What is the Soccer Mom Indicator?
The soccer mom, or soccer parent, indicator is an informal, lagging economic indicator that looks at what people are talking about at their children’s sports events to determine how the economy or a market sector was recently performing.
- The soccer parent indicator is an informal, lagging indicator of economic and market trends.
- It is not a rigorously tested, quantitative indicator, but it may have some basis in economic theory in that it lags behind market trends.
- This indicator is viewed by some activist investors as not just a lagging indicator, but potentially as a counter-cyclical leading indicator.
Understanding the Soccer Parent Indicator
The soccer parent indicator is a type of lagging indicator, in that it reports on past conditions. The basic idea underlying this indicator is that by the time economically relevant information makes it down to the level of coming up in small talk between parents on the sideline of a soccer game, it is already available to all market participants and is priced into any related assets.

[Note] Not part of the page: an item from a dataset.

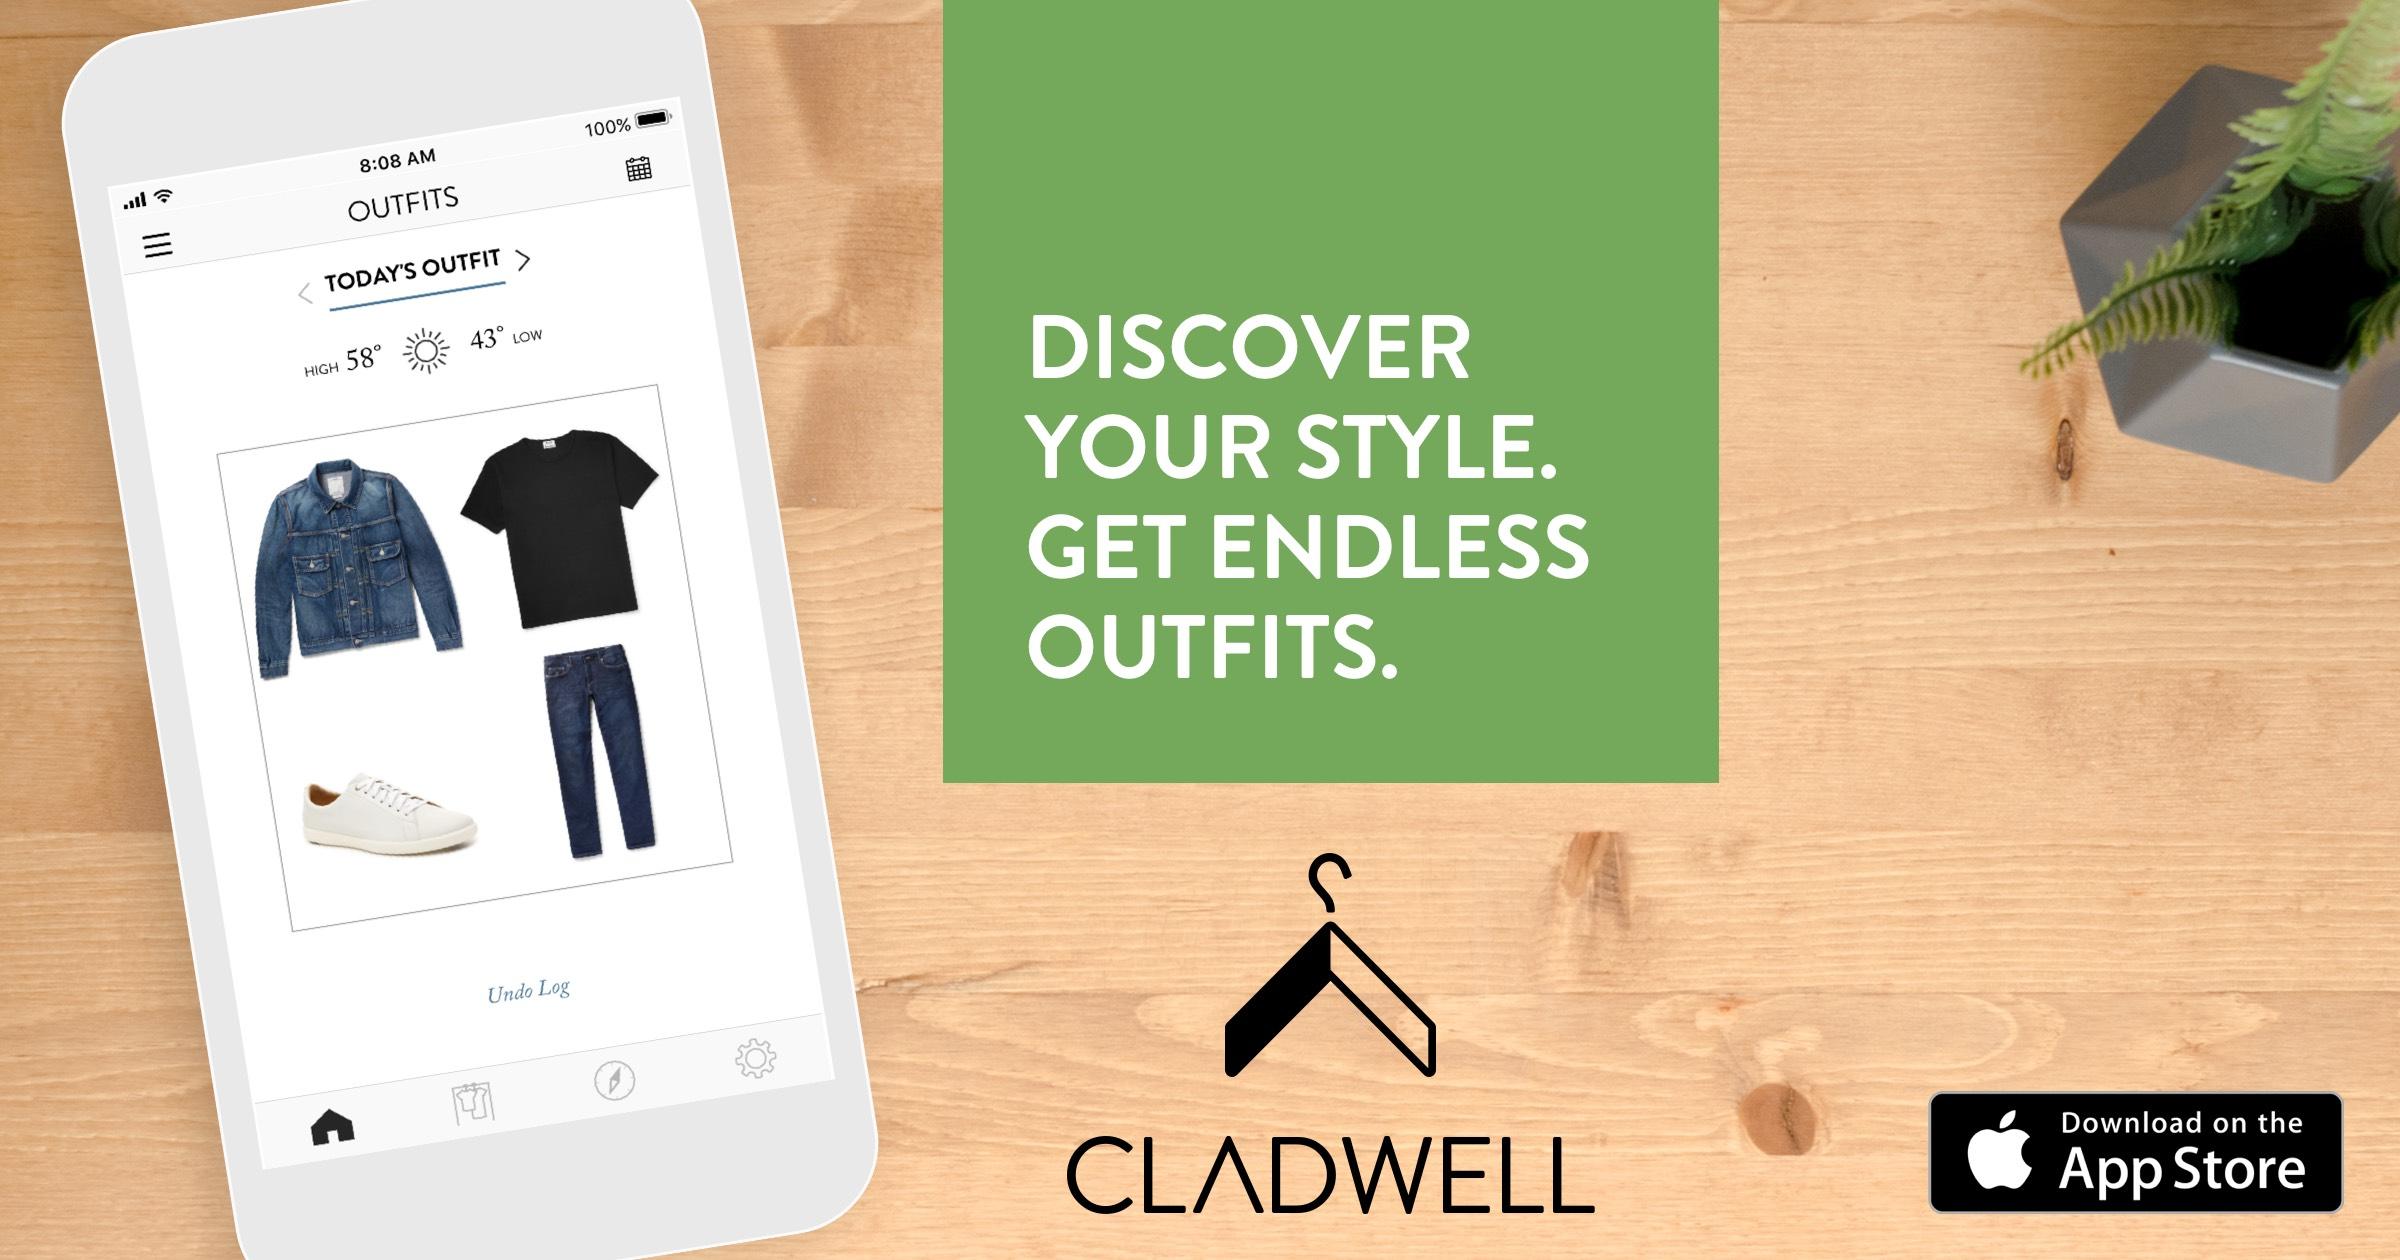 Cladwell Social Image.jpg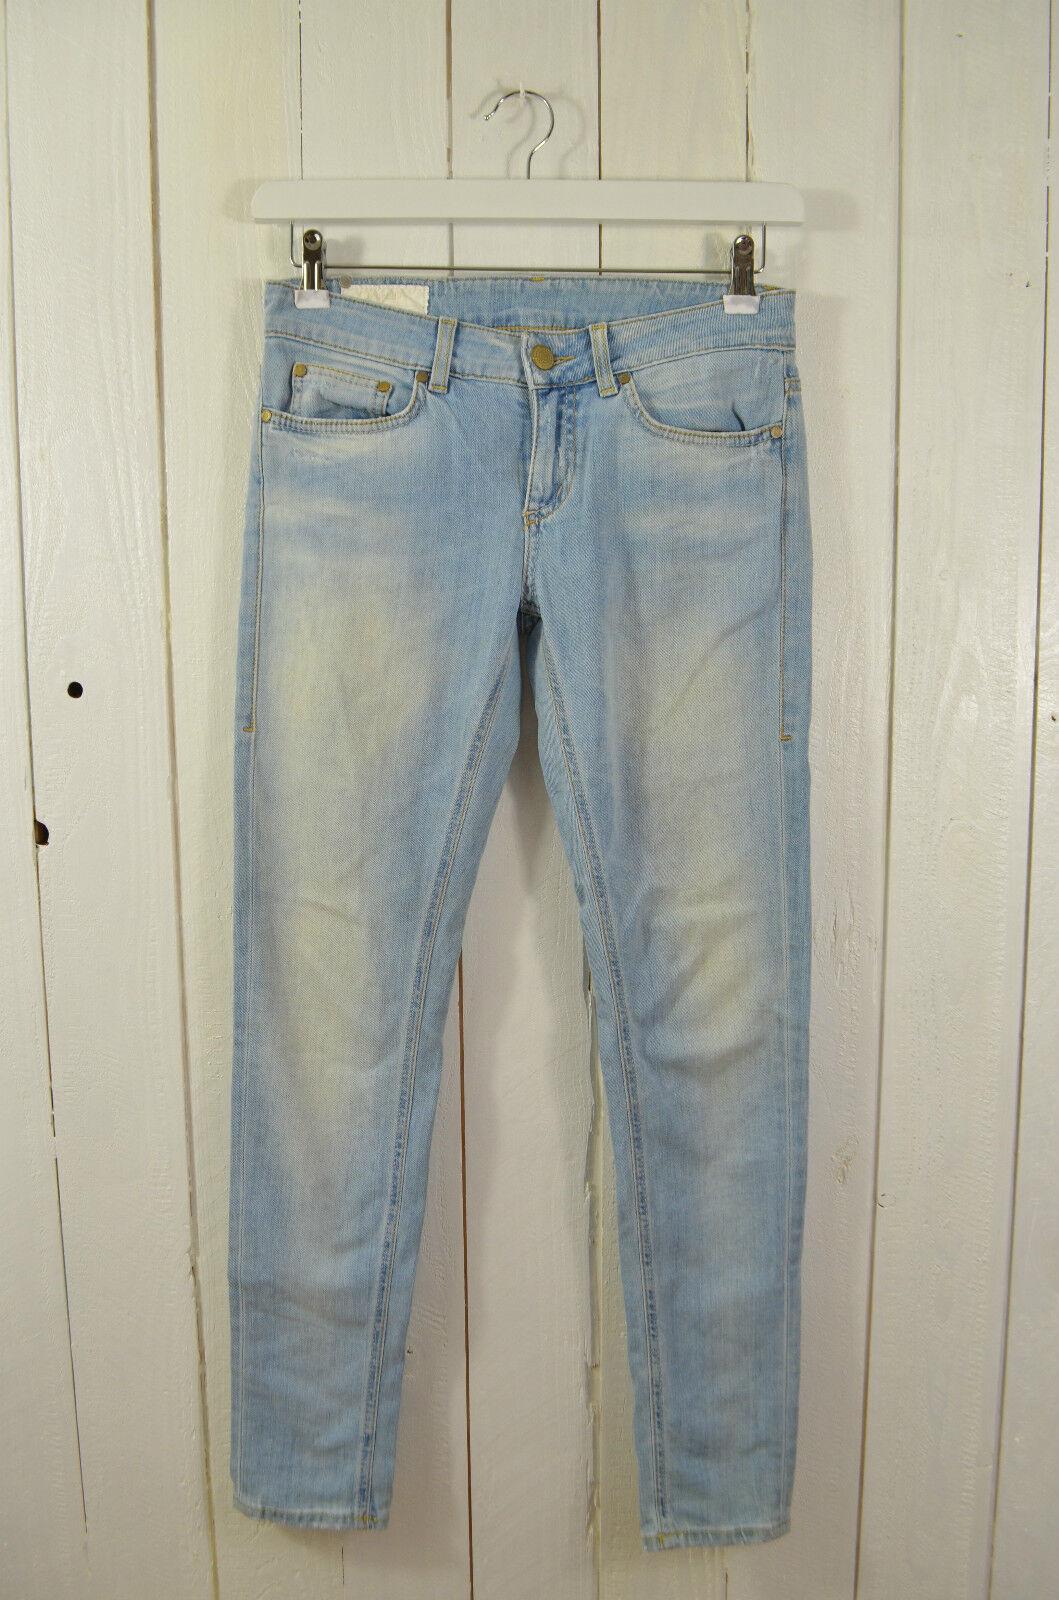 DUNDOP Jeans Damen Jeans Schmal Mod.Longleg Waschung schwarzjacks Hellblau Gr.28

This should be expected under even the weakest forms of the efficient market hypothesis (EMH).
Unlike many other lagging indicators, which are more formal and quantitative, the soccer parent indicator is informal and anecdotal. Investors listening to what financial or economic topics come up at children’s soccer games are not conducting their research with the rigor and detail of an academic. They aren’t entering their findings as quantitative data, subjecting them to statistical testing, and running them through an algorithm to generate a prediction either. The indicator's appeal lies in its practical simplicity: if soccer parents are talking about it, then it’s old news.
The Soccer Parent Indicator and Trend Reversals
The more cynical version of the soccer parent indicator suggests that whatever economic trends have made it into common conversation must be about to change course. If so this could actually mean that the soccer parent indicator a counter-cyclical leading indicator; that an emerging trend or turning point in the soccer parent indicator signals an impending market move in the opposite direction.
However, this is not necessarily the case, and may simply be a form of the Gambler’s Fallacy. The price of a gallon of milk won’t fall simply because soccer parents have begun complaining about how high it has risen. For example, between 2005 and 2011, gold prices shot up by approximately 350%, two temporary downturns notwithstanding. That six-year price boom meant that people were jumping into the gold market, and profiting by it, long after the general public became aware of the trend.
This cynical take is naturally popular among the active investors who pay attention to the indicator since the key to beating market returns, the implicit goal of an active investment strategy is anticipating market behavior. Active investors are looking for trades and hedges that put them ahead of market conditions, maximizing their gains. Once the general public is aware of a trendy investment maneuver, it would make sense for that maneuver to be less profitable than it once was. Whether the soccer parent indicator portends a full reversal is a separate question.
To decide whether the soccer parent indicator has turned up and a market trend will soon reverse course, therefore spoiling a recently profitable strategy, investors should look to the fundamentals driving that trend. If, for example, a particular sector that the general public is excited about does not exhibit the fundamental conditions to justify a continuing price surge, then it’s more likely that the continuing boom is living on borrowed time and entering bubble territory, continuing to climb only because the least savvy investors are still jumping in.